Seller will have the right for itself or its designee(s) to be present during
any testing or other assessments and retains the right to prohibit Buyer from
conducting any such testing or assessment, which is not reasonable and customary
in a transaction such as the one contemplated hereby.

     (d) If Buyer undertakes an environmental assessment, both the consultant
(if any consultant is employed) and the scope of the proposed assessment,
including testing protocols, must be approved by Seller before the work may
begin, which approval shall not be unreasonably withheld and/or delayed. If
Buyer takes samples from the Assets, Seller may require Buyer to split any
sample so that Seller may retain a sufficient split of such sample for its own
testing or use.

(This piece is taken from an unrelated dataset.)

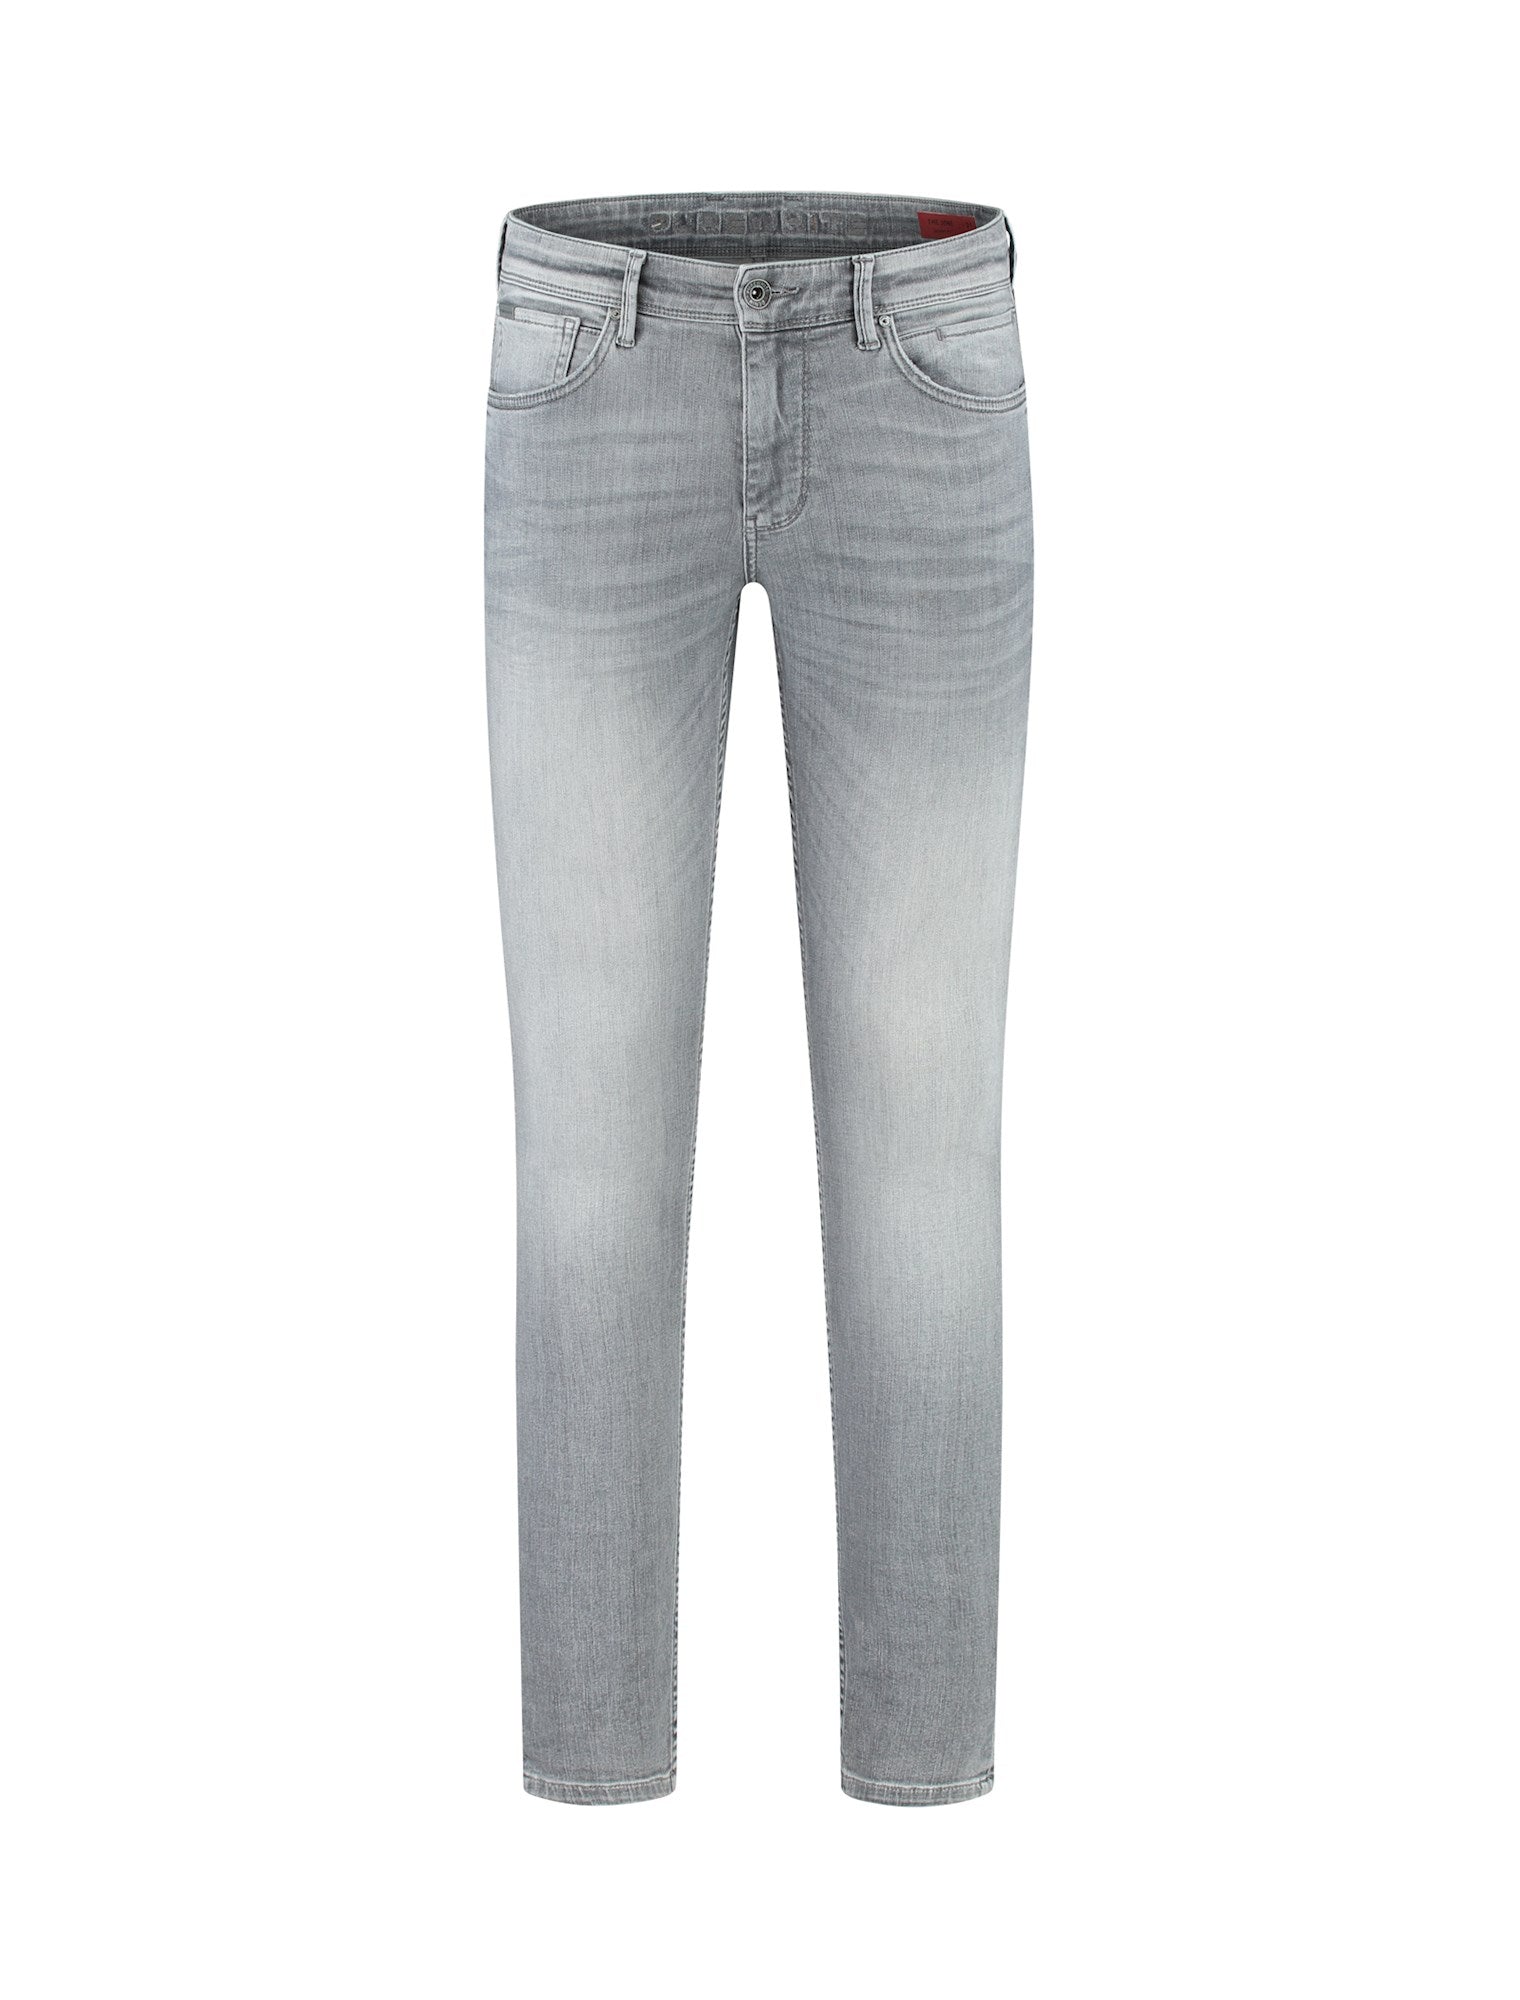 Purewhite Jeans The Jone W0112

Buyer shall promptly furnish to Seller a copy of any assessment
resulting from such inspection, including without limitation any reports,
results, data, analyses, results and conclusions thereof (collectively with any
assessment, "Assessment Information").

     (e) Buyer shall provide Seller with a copy of any preliminary report and
access to all drafts of all reports and other Assessment Information produced or
obtained by Buyer as a result of any environmental assessment or testing before
a final version of any report is issued. Before the final version of any report
is issued, Seller shall also have a reasonable opportunity to provide Buyer with
comments and additional information, which Buyer agrees to review and consider
before the final version of any report is issued. Upon completion of any final
report, Buyer shall provide Seller with a copy of such report and any other
written Assessment Information and shall also provide Seller access to all
Assessment Information produced or obtained by Buyer as a result of any
environmental assessment or testing.

     (f) Buyer shall not disclose (or permit any Related Person to disclose) any
Assessment Information, or any information reviewed during such assessment, to
any Third Person without the prior written consent of Seller, unless such
disclosure is required by a lawful subpoena or order of a Governmental

                                      -18-


Authority. In the event disclosure is sought pursuant to a subpoena or order of
a Governmental Authority, Buyer shall (a) notify Seller in writing at least five
(5) days before such disclosure (b) use commercially reasonably efforts to
undertake reasonable efforts to restrict any further disclosure in the form of a
protective order, confidentiality agreement or other similar device; and (c) use
reasonable efforts to assist Seller in any efforts to have, and shall not oppose
any efforts by Seller to have, any such subpoena quashed or any such order
vacated or modified.

If Buyer does not acquire the Assets for any reason, then upon request by Seller
it shall deliver to Seller all Assessment Information and all materials prepared
or obtained by Buyer or any Related Person that constitute or contain any
Assessment Information pertaining to the Assets.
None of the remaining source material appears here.